The evolution of printed chips. The first chips used had a few hundred spots i.e. genes. With time chip densities have increased dramatically, reaching today over 2Mspots on a single slide


Since their advent, microarrays have been used to discover differences between biological samples. For example, on the level of gene expression, a sample is compared to a reference, in order to discover differences in the gene expression profile. Similarly, microarrays have been used for the detection of polymorphisms. During the past few years, microarray technologies have attracted a major deal of interest from the scientific community due to their potential in screening thousands of factors simultaneously.

Microarrays consist of glass slides or membranes printed with oligonucleotides or cDNA fragments. Later on this chapter we will describe the dynamics of microarray hybridization, since this plays an important role in the analysis and evaluation of microarray data. Based on this property and the progress of high fidelity robotic technologies, microarrays have proven extremely valuable for the detection of literally, tens of thousands of targets within one experiment. For this reason alone, this particular method has found applications in many areas of life sciences, including forensics.

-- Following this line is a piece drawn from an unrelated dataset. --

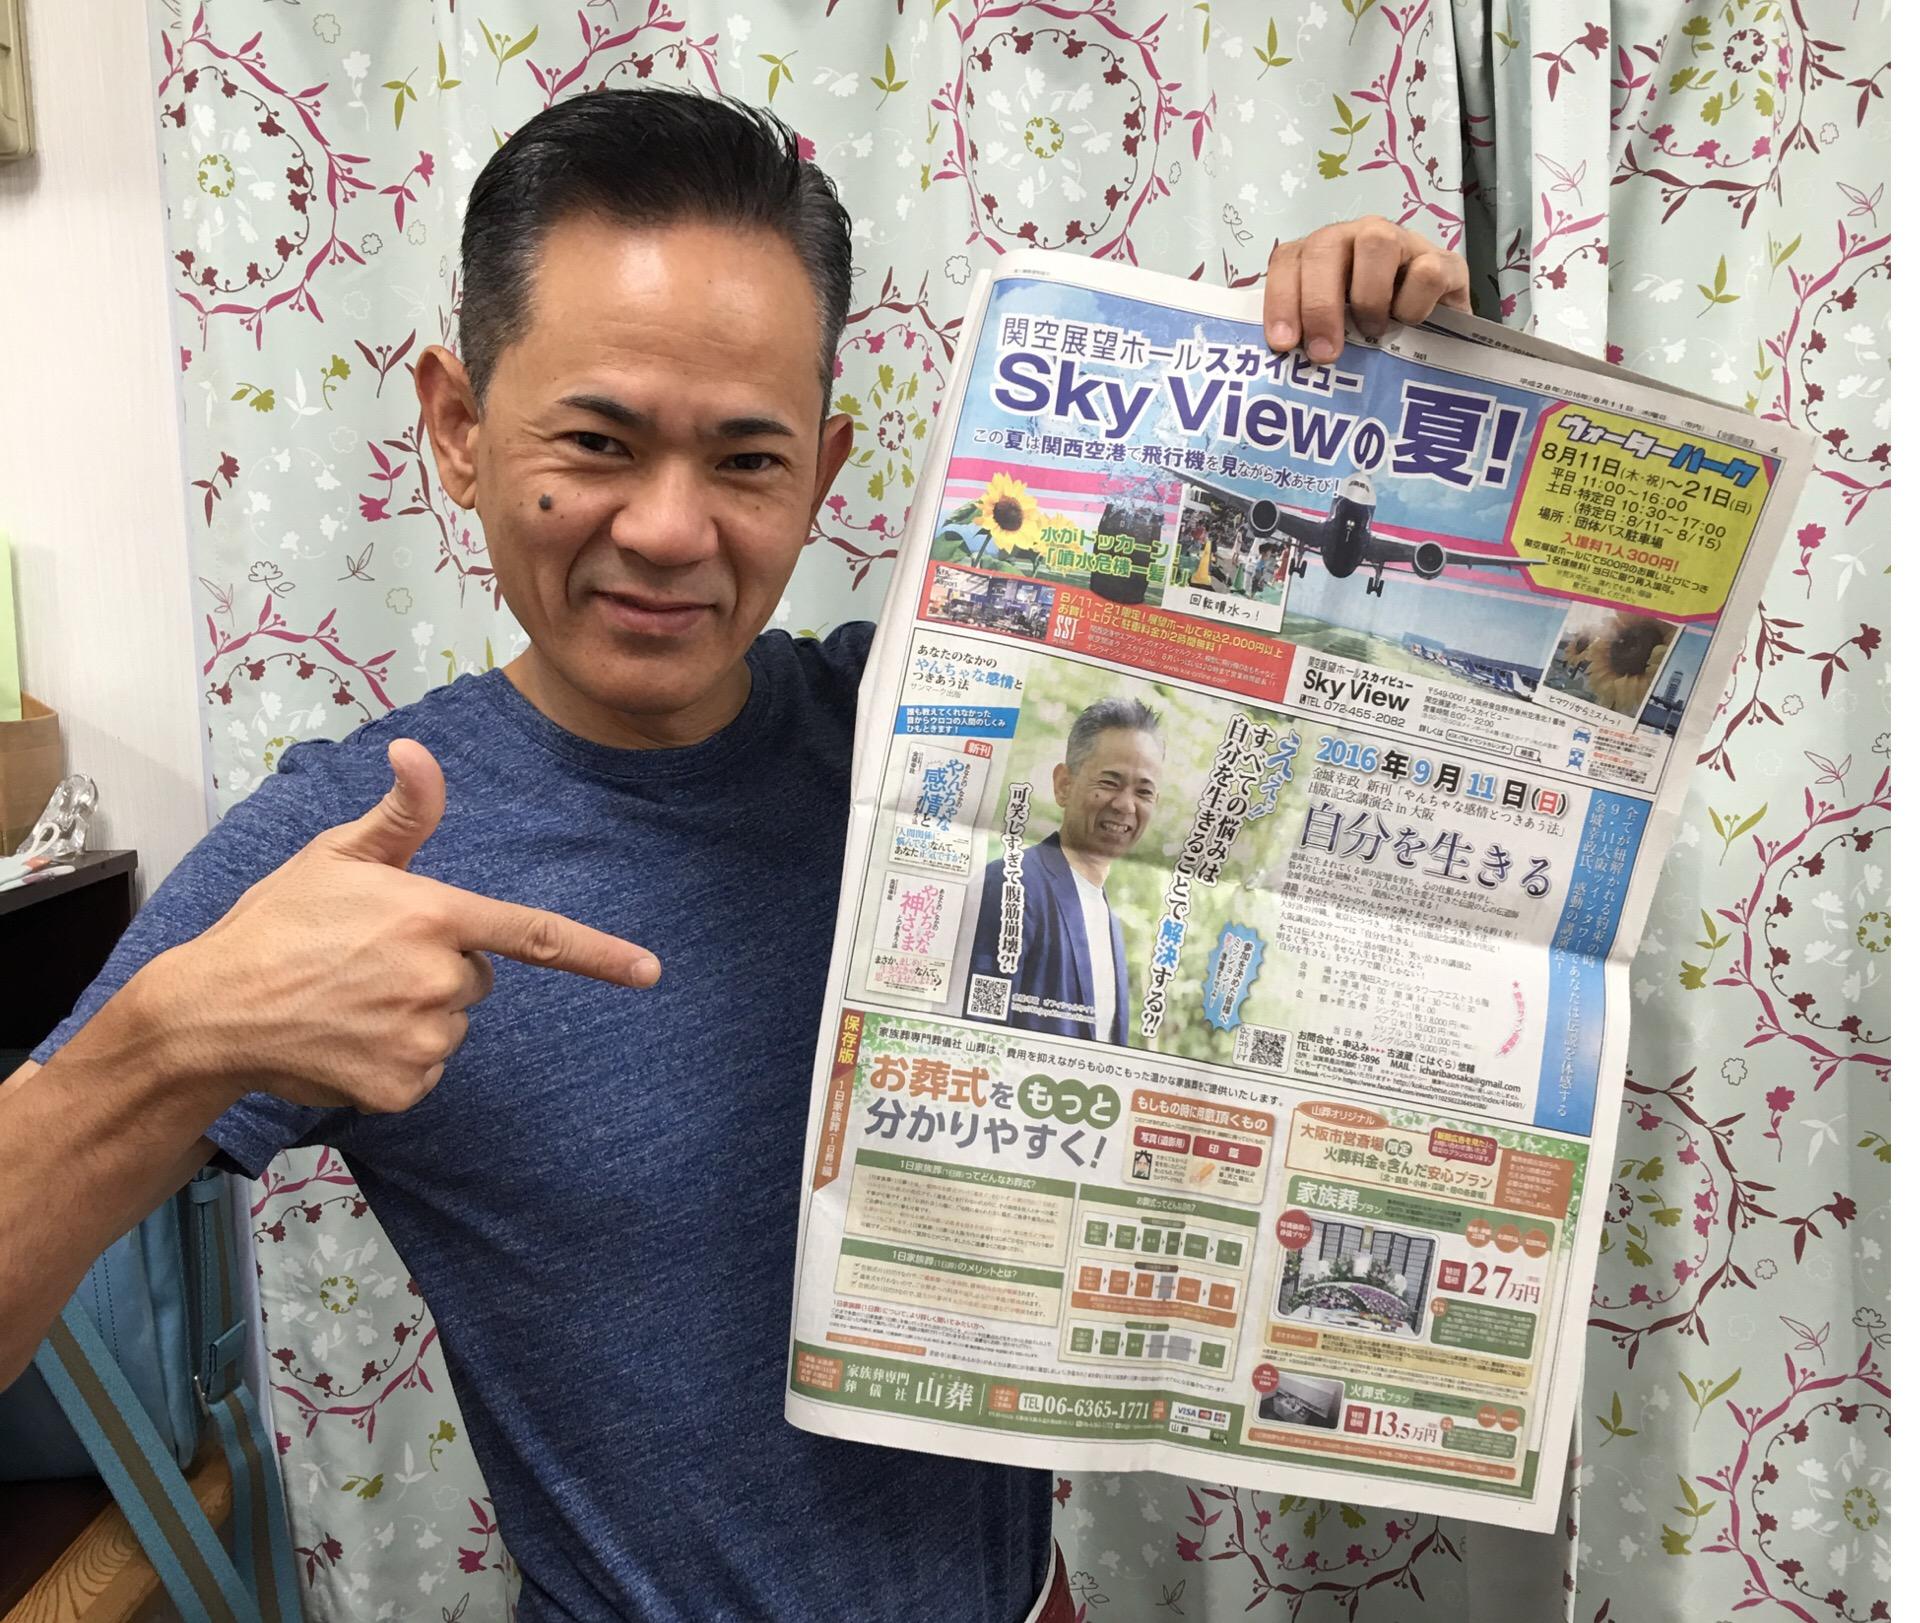 じゃじゃ〜ん❗️ 9月11日に開催される 大阪講演会? 主催者の古波蔵さんの熱〜い?想い?で産経新聞に広告が載りました❗️❗️ 古波蔵さんから送られてきた現物に、先生も おぉ〜?と感激✨ 並んでみると、さらに 大迫力❗️❗️✨ 沢山の人が思わず釘付けになるでしょうね〜
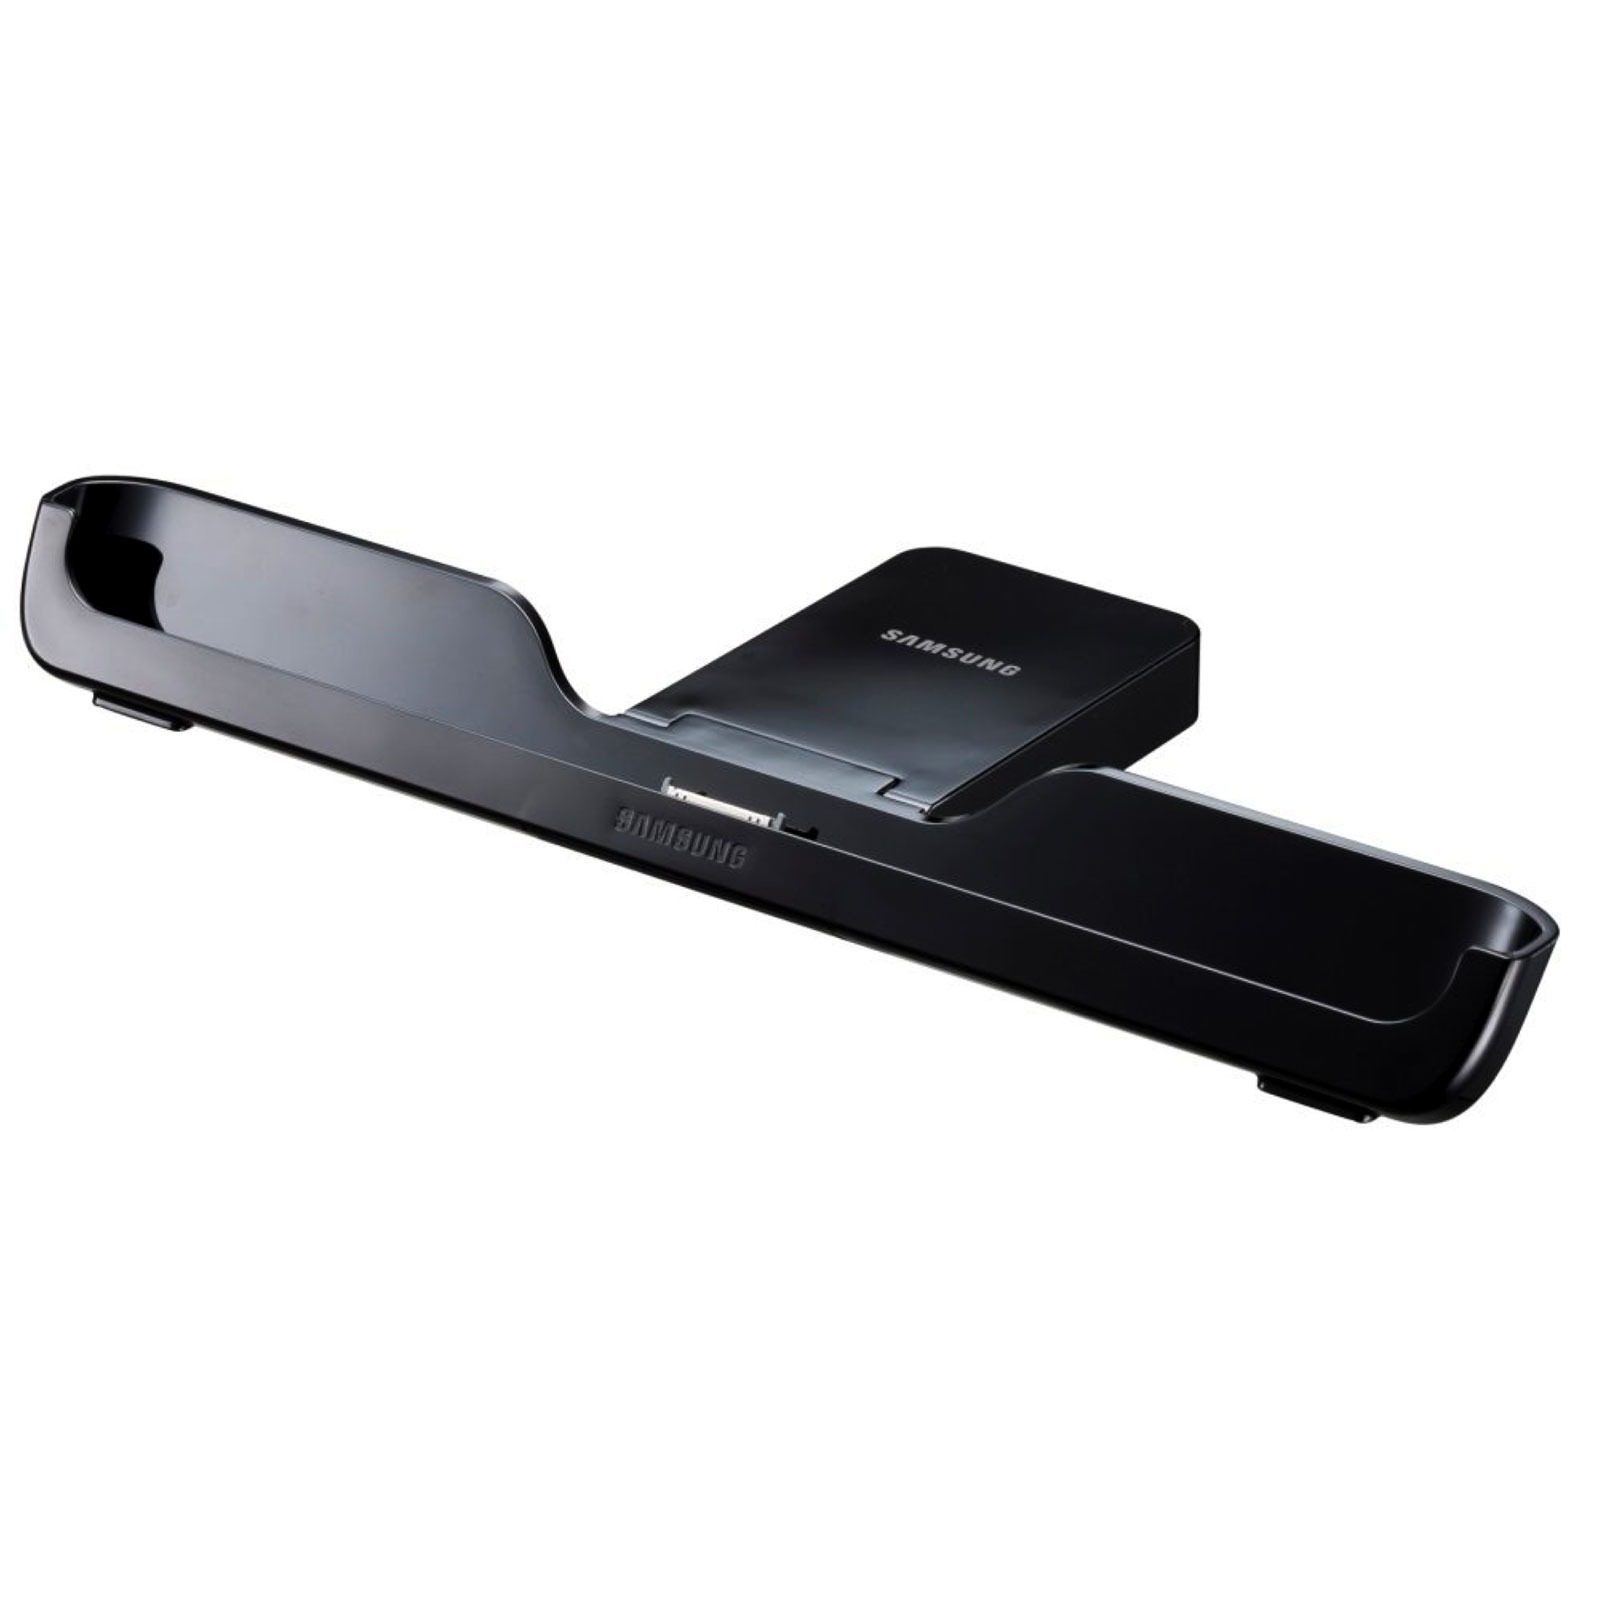 """Accessoires Tablette Samsung EDD-D1C9BEGSTD Station d'accueil avec sortie audio-vidéo pour Galaxy Tab 8.9"""""""

In time, microarrays expanded to various types of high-throughput experimentations. Examples of these include methylation studies, SNP (Single Nucleotide Polymorphism) detection, CGH (Comparative Genomic Hybridization) microarrays and CHIP-chip (Chromatin Immunoprecipitation Chip) microarrays. Microarray applications include experiments for comparing gene expressional profile of biological samples or detection of genetic polymorphisms in forensic samples. Furthermore, protein and tissue microarrays have been developed, but it is outside the scope of this chapter to deal with this topic.